A funny thing happened on the way to the Leader’s Levee. 

A booze binge. 

No, not me. The NDP.

Ex-NDP corporate fundraiser Rob Nagai with John Horgan. (Twitter)

Elections BC released the governing party’s 2017 annual report on April 9. Premier John Horgan’s biggest fundraiser after the May 9 election was at the Fairmont Hotel Vancouver last Sept. 22, for what was billed as the Leader’s Levee.

The cash for access cocktail party drew 443 who paid $550-a-pop. Another 58 paid $165 each. The party grossed almost $200,000 and netted $125,228.18. Only two reporters, including yours truly, attended the event, but access was severely limited. There were no interviews allowed with Horgan and reporters were not allowed to freely circulate in the ballroom. 

When the speech was over and party president Craig Keating conducted a brief scrum, reporters were ushered out the door.  

The Elections BC database does not make it clear who donated to the Sept. 22 event, so more digging is required. But a look at the day before, Sept. 21, revealed the sleeper story. 

On the last day of summer, the party reported $670,434.48 in donations — approximately $370,000 in big money contributions from the liquor industry. 

Some of the donors (and amounts) included: Alpenhaus Restaurants ($100,000); Paddlewheeler, John B. Pub, Byrton Liquor Warehouse, Woody’s Sports Pub Inc. Liquor Store ($20,000 each); Langley Hospitality Inc. Samz Neighbourhood Pub ($15,000), Oliver Twist Neighbourhood Pub, Monarc Hospitality Corp., Jericho Liquor Store, Sapperton Liquor Store, Two Parrots Pub and Liquor Store ($10,000 each), Queen’s Cross, Black Bear Pub, Berezan LRS Langley, Berezan LRS White Rock, Berezan LRS Hwy 33 ($5,000 each).

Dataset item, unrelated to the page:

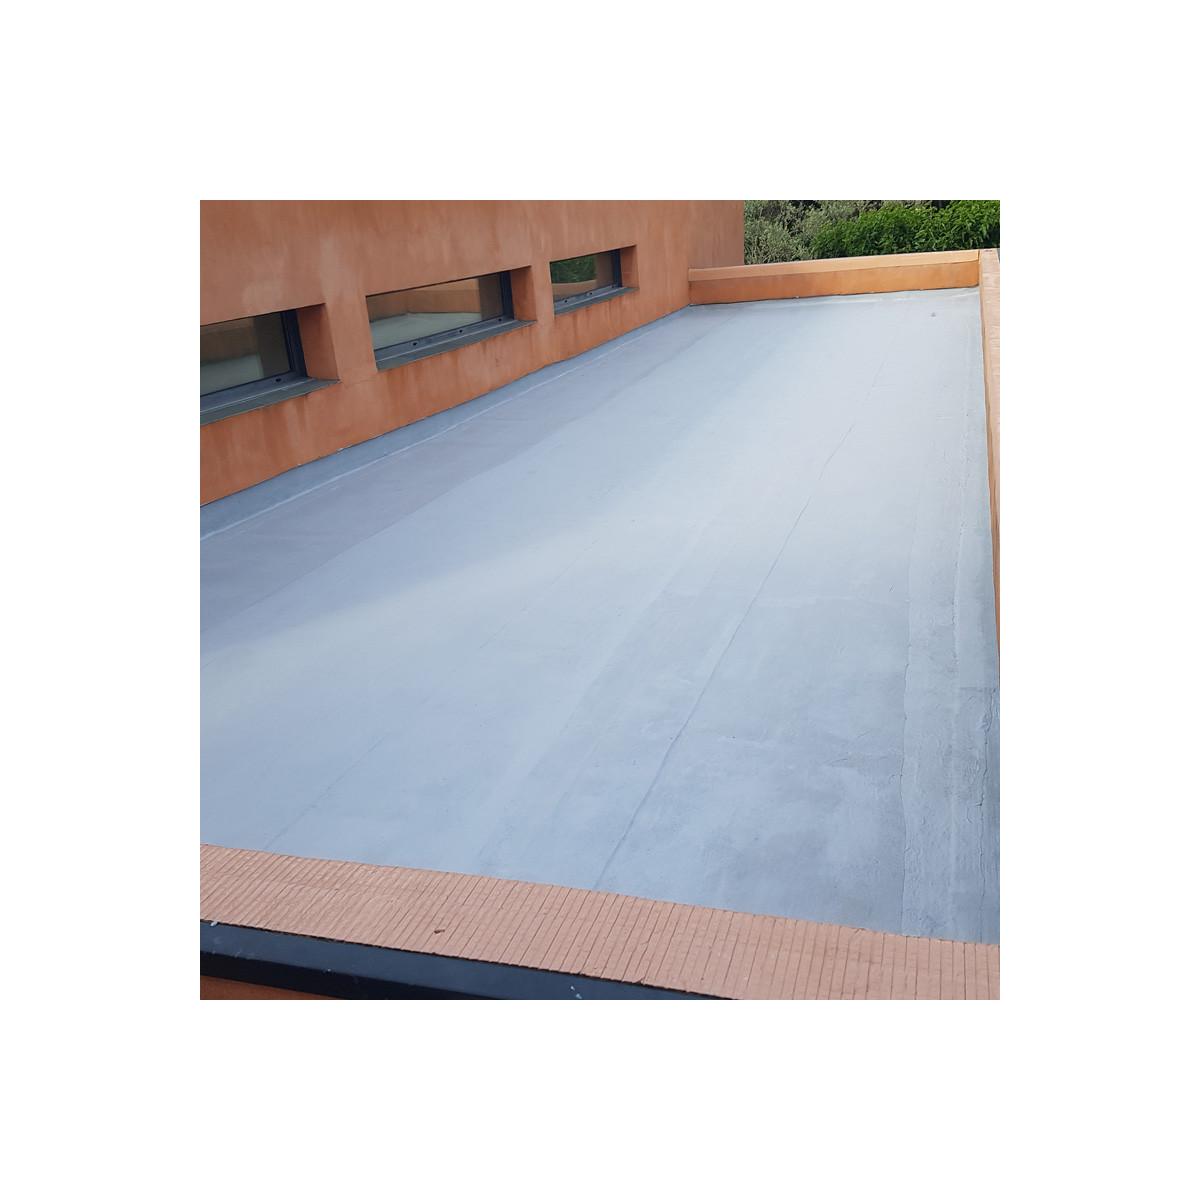 produit tanch it toit plat terrasse r sine arcathan. Black Bedroom Furniture Sets. Home Design Ideas

On the same day, Terrim Properties donated $25,000 each from its Chances Salmon Arm and Chances Castlegar casinos. Those are also Ralph Berezan-owned enterprises. 

“It reads like a Liberals’ donor list,” said Dermod Travis of IntegrityBC. “I’m actually surprised at the groups they took money from. It’s not going to go over well in the party.” 

Travis also noticed 11 of the cheques from pub and liquor store owners were each for the identical amount of $1,818. 

The NDP fundraising flurry eclipsed a March 24, 2010 event hosted by then-BC Liberal Premier Gordon Campbell and perennial liquor minister Rich Coleman at the Gotham Steakhouse in downtown Vancouver. On that day, just weeks before industry-pleasing Liquor Control and Licensing Act amendments, the BC Liberals raised $302,500. At least a dozen liquor businesses donated $15,000 each for that event. 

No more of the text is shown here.